◆ **YOUR ASSIGNMENT**
Type again, exactly, the lines below from the start through the line that includes "Das Licht der".

◆ **INFORMATION SHOWN**
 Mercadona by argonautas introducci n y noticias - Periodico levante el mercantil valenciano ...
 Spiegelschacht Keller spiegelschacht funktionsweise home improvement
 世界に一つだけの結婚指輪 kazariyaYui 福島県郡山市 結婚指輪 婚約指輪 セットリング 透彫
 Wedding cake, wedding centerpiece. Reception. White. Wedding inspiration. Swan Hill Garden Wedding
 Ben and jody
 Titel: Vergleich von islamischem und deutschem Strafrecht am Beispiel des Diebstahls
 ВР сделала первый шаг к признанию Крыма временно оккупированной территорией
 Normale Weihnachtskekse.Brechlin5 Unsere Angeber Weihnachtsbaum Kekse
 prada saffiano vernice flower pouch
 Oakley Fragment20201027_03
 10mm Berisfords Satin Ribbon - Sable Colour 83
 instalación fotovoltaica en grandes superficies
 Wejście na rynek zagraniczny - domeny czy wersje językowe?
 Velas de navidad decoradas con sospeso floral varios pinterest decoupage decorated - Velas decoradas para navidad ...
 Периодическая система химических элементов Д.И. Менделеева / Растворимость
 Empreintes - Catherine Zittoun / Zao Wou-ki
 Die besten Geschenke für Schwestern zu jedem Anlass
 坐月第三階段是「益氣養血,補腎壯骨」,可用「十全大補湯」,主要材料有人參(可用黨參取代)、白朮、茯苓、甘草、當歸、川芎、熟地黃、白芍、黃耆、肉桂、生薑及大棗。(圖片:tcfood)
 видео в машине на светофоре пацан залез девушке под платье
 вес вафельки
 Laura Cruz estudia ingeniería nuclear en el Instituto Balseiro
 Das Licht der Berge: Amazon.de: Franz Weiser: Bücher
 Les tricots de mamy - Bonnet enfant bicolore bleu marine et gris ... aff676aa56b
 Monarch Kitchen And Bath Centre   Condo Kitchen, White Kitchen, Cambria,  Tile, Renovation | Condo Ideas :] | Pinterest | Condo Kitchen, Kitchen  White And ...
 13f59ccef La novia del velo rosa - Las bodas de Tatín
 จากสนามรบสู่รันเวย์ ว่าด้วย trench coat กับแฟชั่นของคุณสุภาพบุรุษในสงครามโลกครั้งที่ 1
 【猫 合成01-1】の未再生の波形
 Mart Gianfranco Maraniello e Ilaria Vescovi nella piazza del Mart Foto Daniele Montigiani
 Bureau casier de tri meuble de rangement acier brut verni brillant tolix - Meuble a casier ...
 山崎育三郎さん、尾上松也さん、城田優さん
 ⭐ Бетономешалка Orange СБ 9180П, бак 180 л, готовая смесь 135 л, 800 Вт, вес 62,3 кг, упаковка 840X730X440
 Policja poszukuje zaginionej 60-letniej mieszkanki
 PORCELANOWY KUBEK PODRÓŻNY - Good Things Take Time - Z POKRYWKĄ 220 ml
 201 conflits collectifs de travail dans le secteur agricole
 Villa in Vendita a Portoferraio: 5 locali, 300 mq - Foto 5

◆ **SOLUTION TO THIS TASK**
 Mercadona by argonautas introducci n y noticias - Periodico levante el mercantil valenciano ...
 Spiegelschacht Keller spiegelschacht funktionsweise home improvement
 世界に一つだけの結婚指輪 kazariyaYui 福島県郡山市 結婚指輪 婚約指輪 セットリング 透彫
 Wedding cake, wedding centerpiece. Reception. White. Wedding inspiration. Swan Hill Garden Wedding
 Ben and jody
 Titel: Vergleich von islamischem und deutschem Strafrecht am Beispiel des Diebstahls
 ВР сделала первый шаг к признанию Крыма временно оккупированной территорией
 Normale Weihnachtskekse.Brechlin5 Unsere Angeber Weihnachtsbaum Kekse
 prada saffiano vernice flower pouch
 Oakley Fragment20201027_03
 10mm Berisfords Satin Ribbon - Sable Colour 83
 instalación fotovoltaica en grandes superficies
 Wejście na rynek zagraniczny - domeny czy wersje językowe?
 Velas de navidad decoradas con sospeso floral varios pinterest decoupage decorated - Velas decoradas para navidad ...
 Периодическая система химических элементов Д.И. Менделеева / Растворимость
 Empreintes - Catherine Zittoun / Zao Wou-ki
 Die besten Geschenke für Schwestern zu jedem Anlass
 坐月第三階段是「益氣養血,補腎壯骨」,可用「十全大補湯」,主要材料有人參(可用黨參取代)、白朮、茯苓、甘草、當歸、川芎、熟地黃、白芍、黃耆、肉桂、生薑及大棗。(圖片:tcfood)
 видео в машине на светофоре пацан залез девушке под платье
 вес вафельки
 Laura Cruz estudia ingeniería nuclear en el Instituto Balseiro
 Das Licht der Berge: Amazon.de: Franz Weiser: Bücher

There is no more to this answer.